*What is needed*. Nothing but the lines from the one holding "Нержавейка лист 0,8х1000х2000мм" through the last line of the material below should be set down, exactly and without images.

*Exercise data*.
::::::

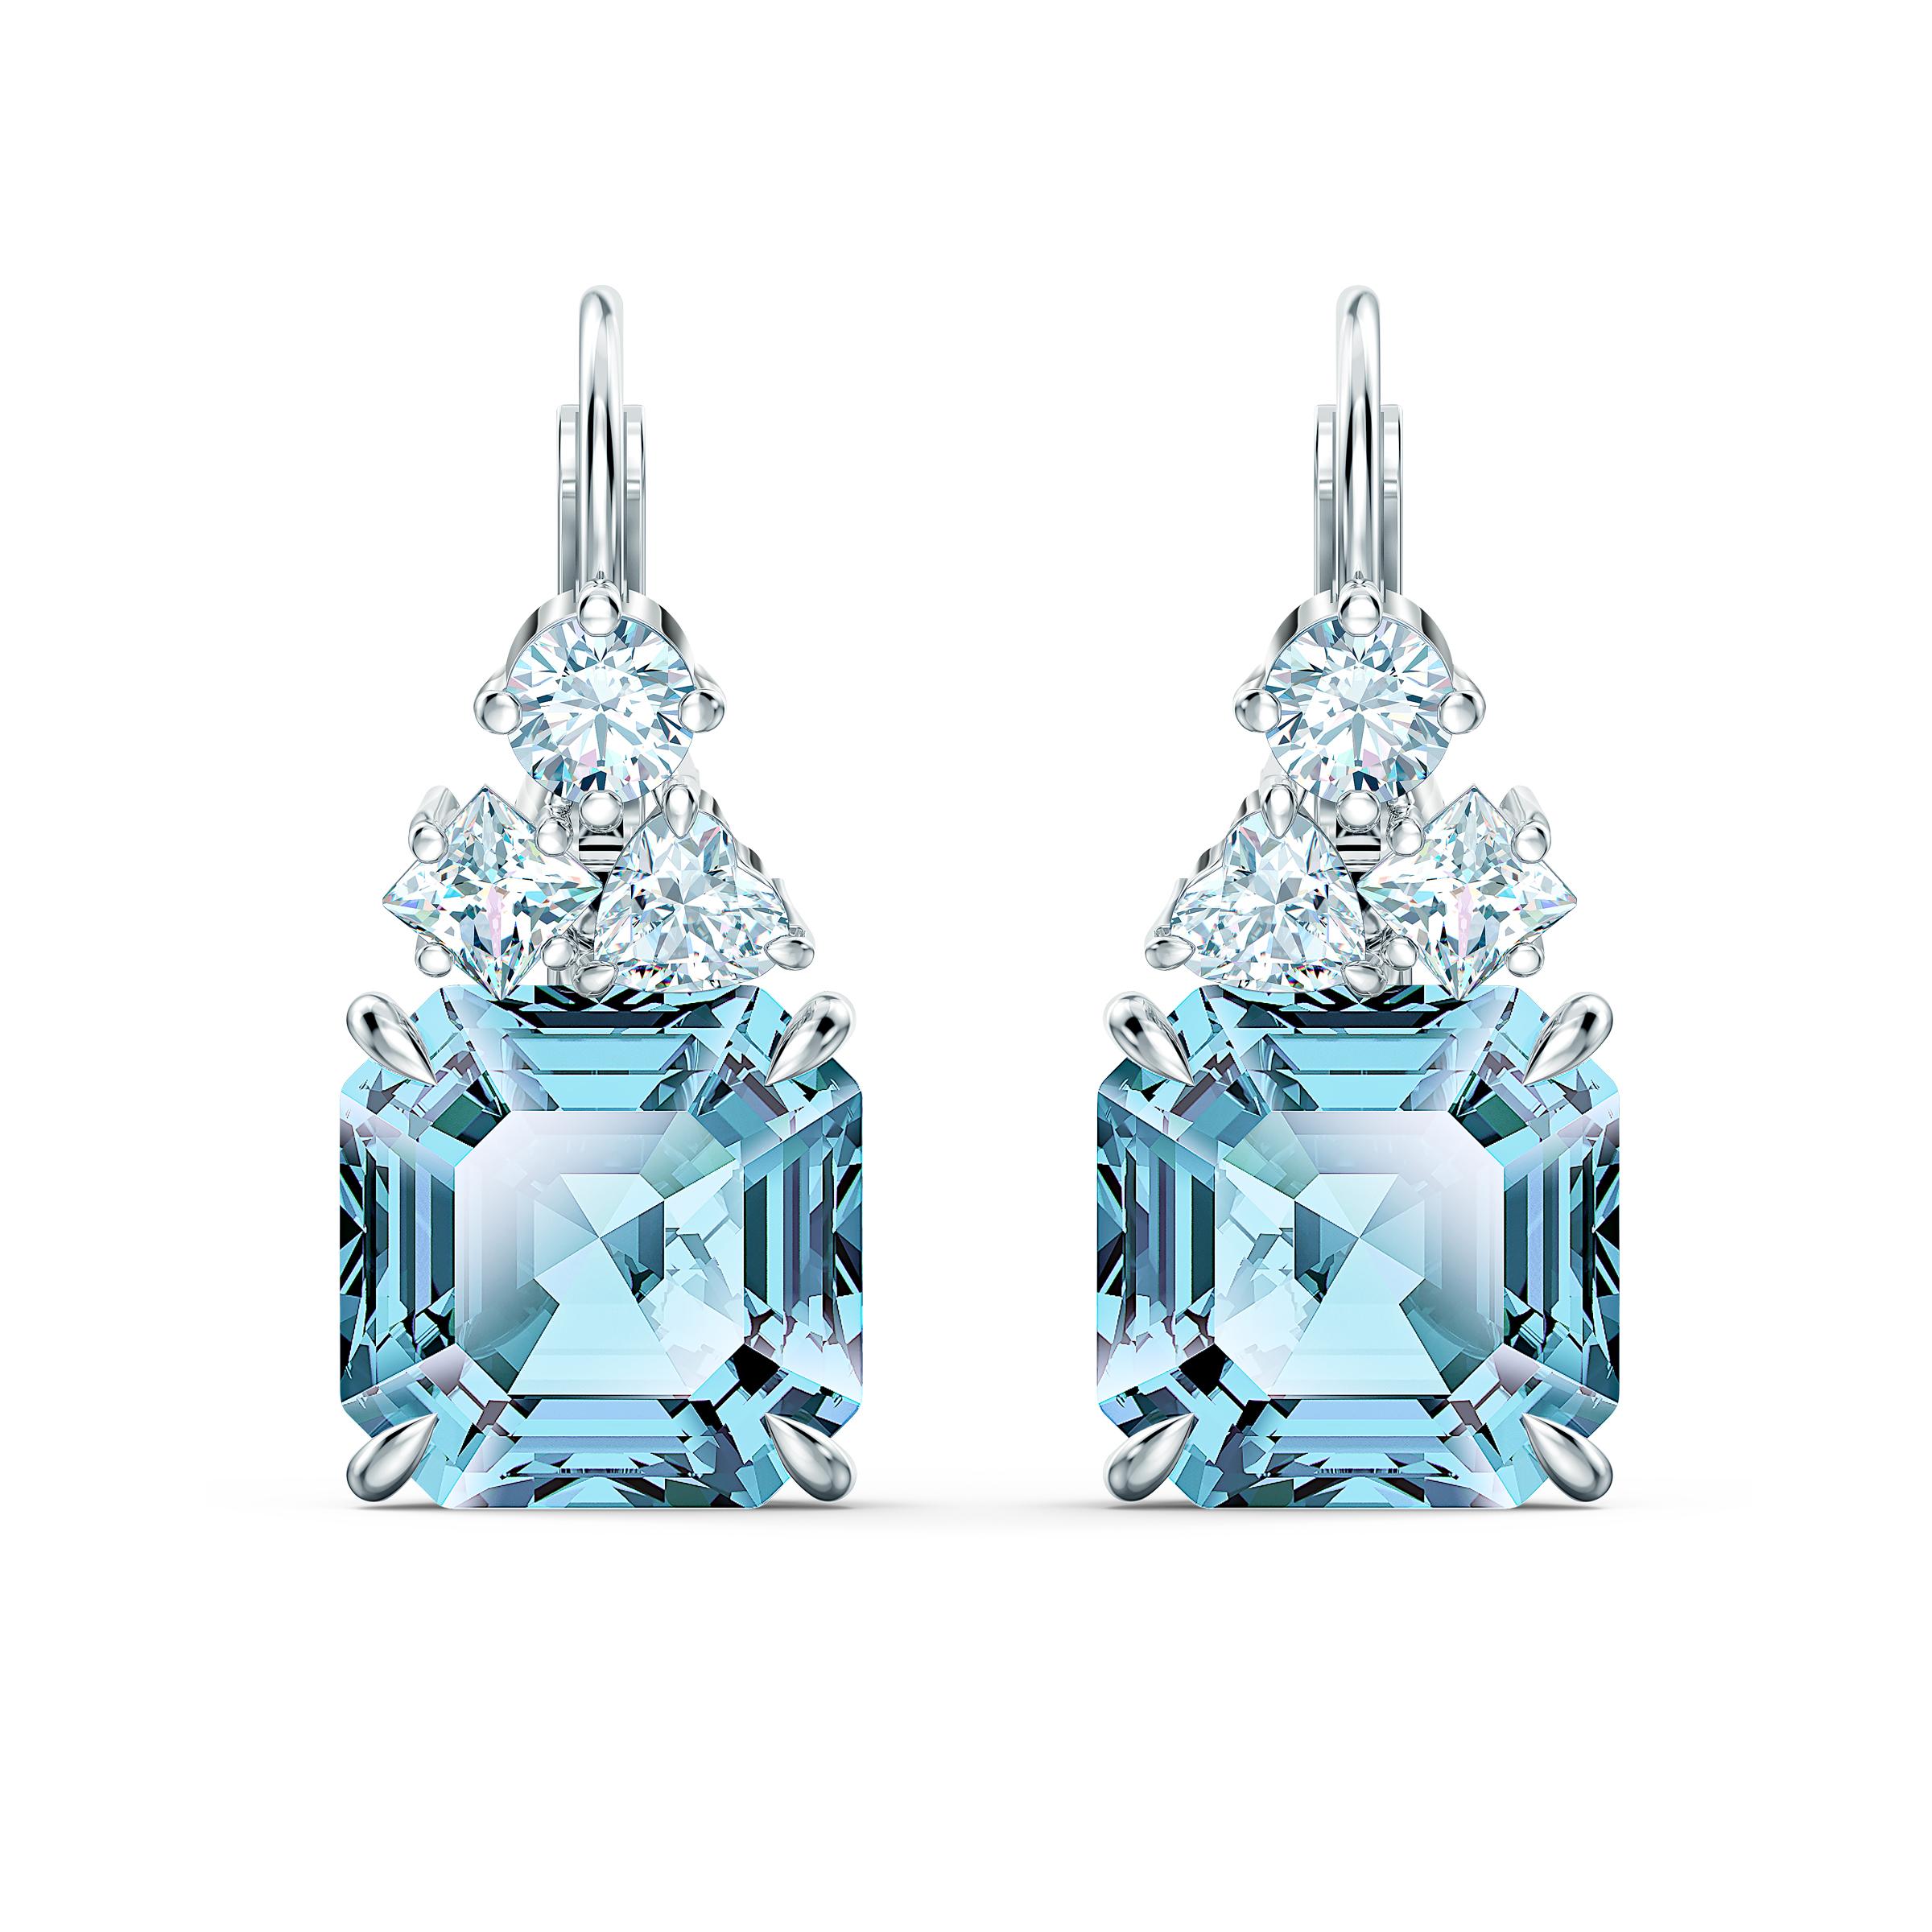 Boucles d'oreilles Sparkling, aiguemarine turquoise, métal rhodié, Swarovski
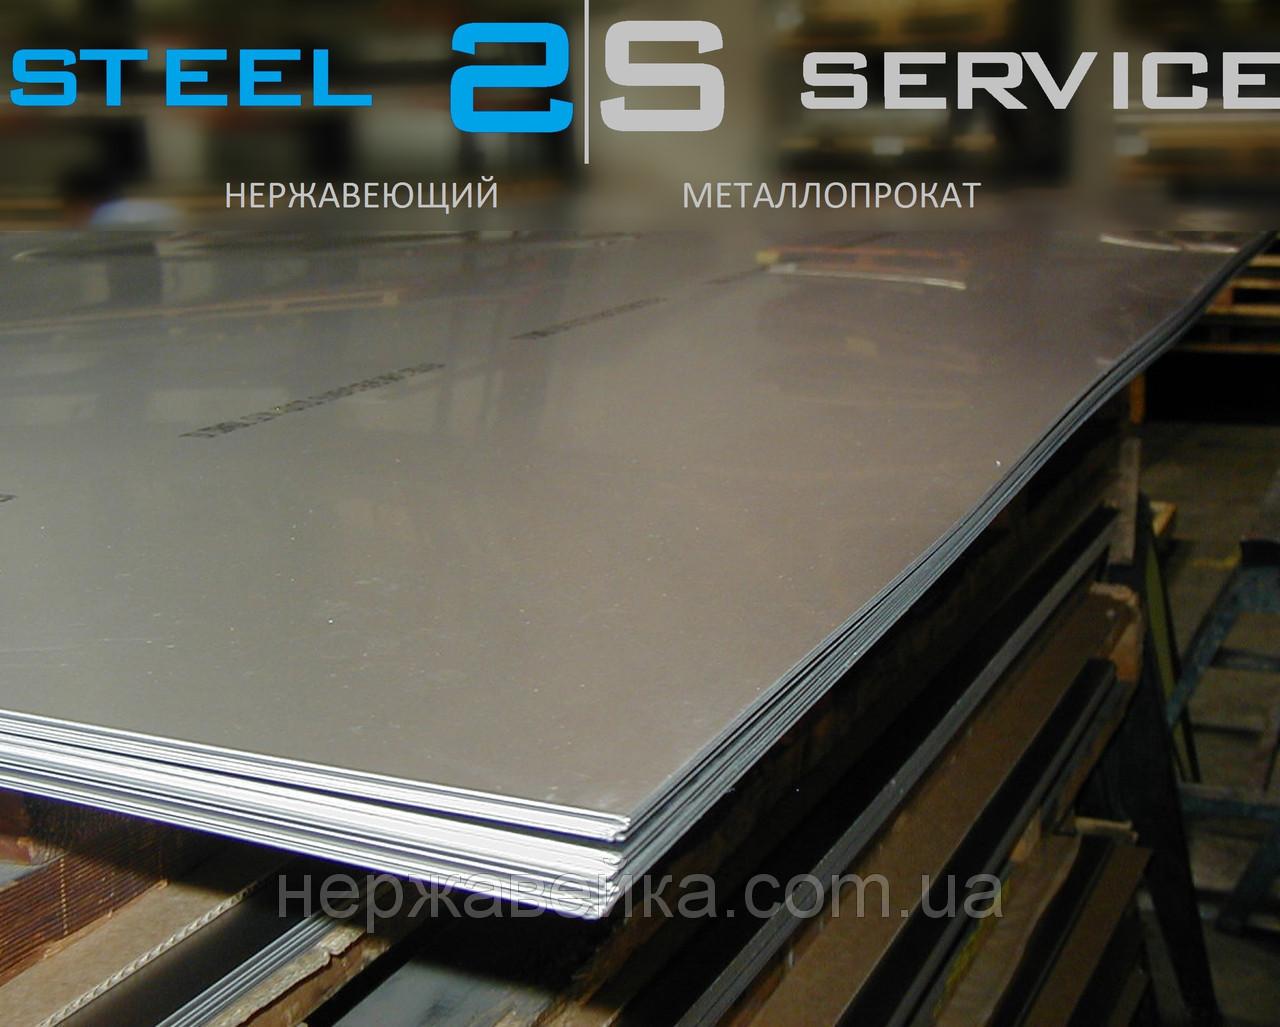 Нержавейка лист 0,8х1000х2000мм  AISI 316L(03Х17Н14М3) BA - зеркало,  кислотостойкий
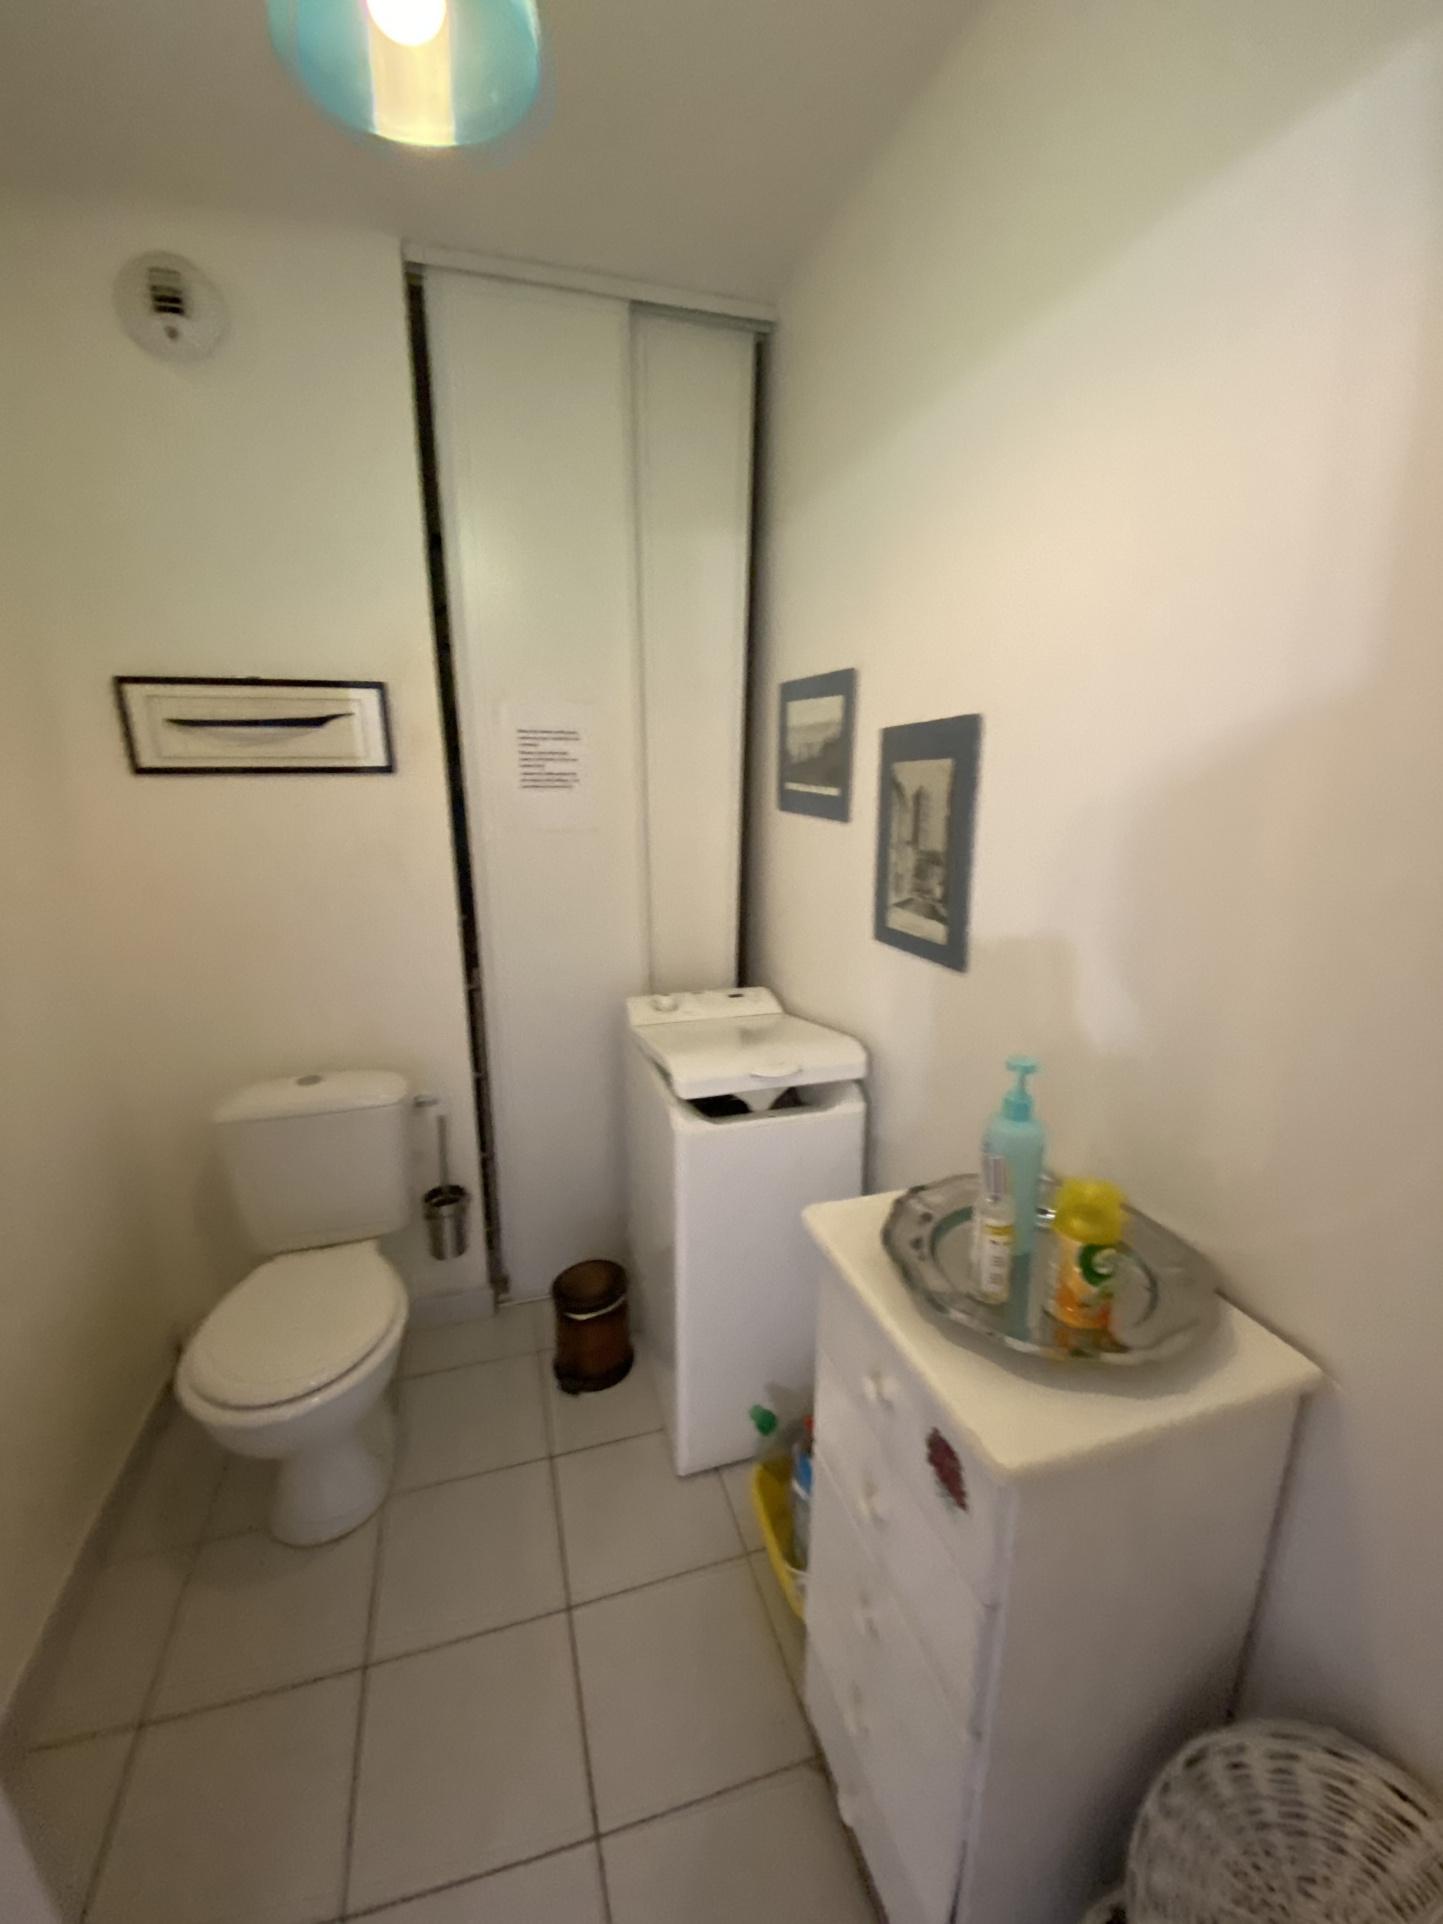 À vendre appartement de 80m2 à argeles sur mer (66700) - Photo 8'

::::::

*Reply*.
 Нержавейка лист 0,8х1000х2000мм  AISI 316L(03Х17Н14М3) BA - зеркало,  кислотостойкий
 À vendre appartement de 80m2 à argeles sur mer (66700) - Photo 8'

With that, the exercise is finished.